The flow of the novel is slow at times, particularly in the first third, but that is where the majority of the world building occurs, gently sucking readers into the 24th century and all of the history and advancements that have occurred in the fictional centuries between then and now. It is interesting to have flashbacks peppered between the flow of the narrative, as it helps develop Paul as a comprehensive character; readers understand his insecurities and youthful fears, but also feel a deep respect for what he is sacrificing his life to achieve.
The allegorical nature of the novel isn’t well hidden, and it doesn’t seem like Lambright is particularly interested in being subtle. As a military veteran himself, the recent wars in Afghanistan and Iraq are fresh memories, and his power as an author largely stems from the real-world atmosphere he is able to create with his prose.
That being said, much of the main storyline reads like a commentary on violent insurgencies and the subsequent moral questions that arise.

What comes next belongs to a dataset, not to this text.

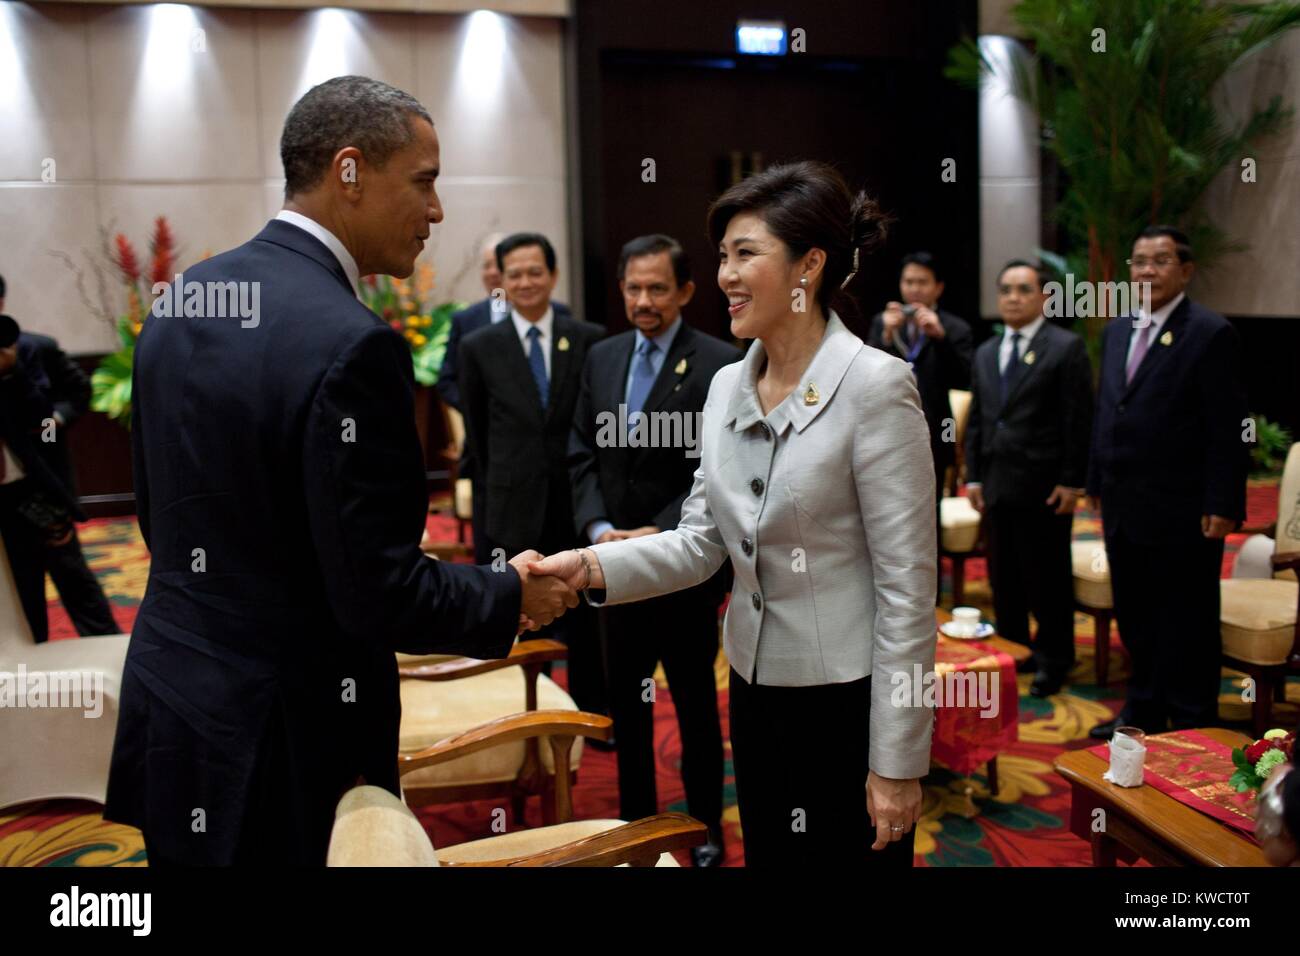 Le président Barack Obama accueille le premier ministre Yingluck Shinawatra de Thaïlande. Au sommet de l'ASEAN à Nusa Dua, Bali, Indonésie, le 18 novembre 2011. (BSLOC 2015 3 143) Banque D'Images

The western world, specifically America, is embroiled in the midst of an “alien” world in the Middle East, at least from the perspective of the American people, and that correlation is palpable in these pages. Many of the same issues that Paul must face in his dealings on Juneau 3 – corrupt authorities, flexible loyalties and the moral weakness of his comrades – are the same things that have been reported back from soldiers and commanders in the real world’s current military crises.
The writing itself is intense, without many wasted words, but the sharp descriptions are brilliantly penned and help to transport readers all across the galaxy. The ultimate take-away from this interstellar adventure is that human beings, no matter where they are or what they’ve faced in the past, have inherent weaknesses and failings, both now and in the future. However, brave men and women like Jason Lambright (and his literary proxy, Paul) will always make themselves known and show courage under fire, honor among thieves, and intelligence in an ignorant world.